Article by: Ace Records

LOS ANGELES, JULY 7th:  A long form 110+ minute documentary The Seeds: Pushin’ Too Hard,directed by Neil Norman for GNP Crescendo, is scheduled for debut theatrical release on August 16th2014. The Egyptian Theater at the American Cinematheque will premiere the movie.

Using vintage footage, rare photos, memorabilia and audio, plus fresh interviews with band members and associates as well as notable fans and observers, Pushin’ Too Hard relates the bizarre rage-to-riches-to-rags tale of the rock quartet who took Los Angeles by storm in the mid-60s.

The Seeds – keyboard player Daryl Hooper, guitarist Jan Savage, drummer Rick Andridge and charismatic singer Sky Saxon – were all emigres to early 1960s Hollywood. After building a crack reputation in underground clubs such as Bido Litos, the group bust out in late 1966 with the classic anthem of frustration, “Pushin’ Too Hard,” which went Top 40 nationally in early 1967.

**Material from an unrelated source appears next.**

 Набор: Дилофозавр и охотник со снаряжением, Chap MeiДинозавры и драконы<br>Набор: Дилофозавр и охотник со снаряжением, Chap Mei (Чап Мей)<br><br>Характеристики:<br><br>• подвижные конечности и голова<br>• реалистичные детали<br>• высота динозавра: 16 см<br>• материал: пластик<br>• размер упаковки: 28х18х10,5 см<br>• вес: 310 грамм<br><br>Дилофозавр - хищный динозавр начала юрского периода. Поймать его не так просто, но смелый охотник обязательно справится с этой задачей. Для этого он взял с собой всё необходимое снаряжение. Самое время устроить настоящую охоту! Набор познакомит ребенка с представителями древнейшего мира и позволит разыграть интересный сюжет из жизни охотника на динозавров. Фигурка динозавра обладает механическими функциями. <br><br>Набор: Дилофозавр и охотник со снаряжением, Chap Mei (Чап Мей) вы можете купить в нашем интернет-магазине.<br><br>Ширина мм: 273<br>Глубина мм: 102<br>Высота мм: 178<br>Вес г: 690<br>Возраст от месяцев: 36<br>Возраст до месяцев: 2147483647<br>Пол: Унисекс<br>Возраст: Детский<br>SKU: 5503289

The group enjoyed other regional hits such as “Mr Farmer” and “Can’t Seem To Make You Mine,” and recorded five best-selling albums for the GNP Crescendo label, but despite a huge and partisan fanbase in southern California, the Seeds could not capitalize on their initial chart success. The growing ego and drug-fueled eccentricities of frontman Saxon alienated the other members, and led to the original quartet’s fracture in the summer of 1968.

After 1970, Saxon renamed himself Sunlight, embarking on a strange odyssey that took him from life as a street person in Hollywood to a commune in Hawaii. Sky returned to performing in the late 1980s and, using several different sets of musicians, performed Seeds music the world over until his untimely death in 2009.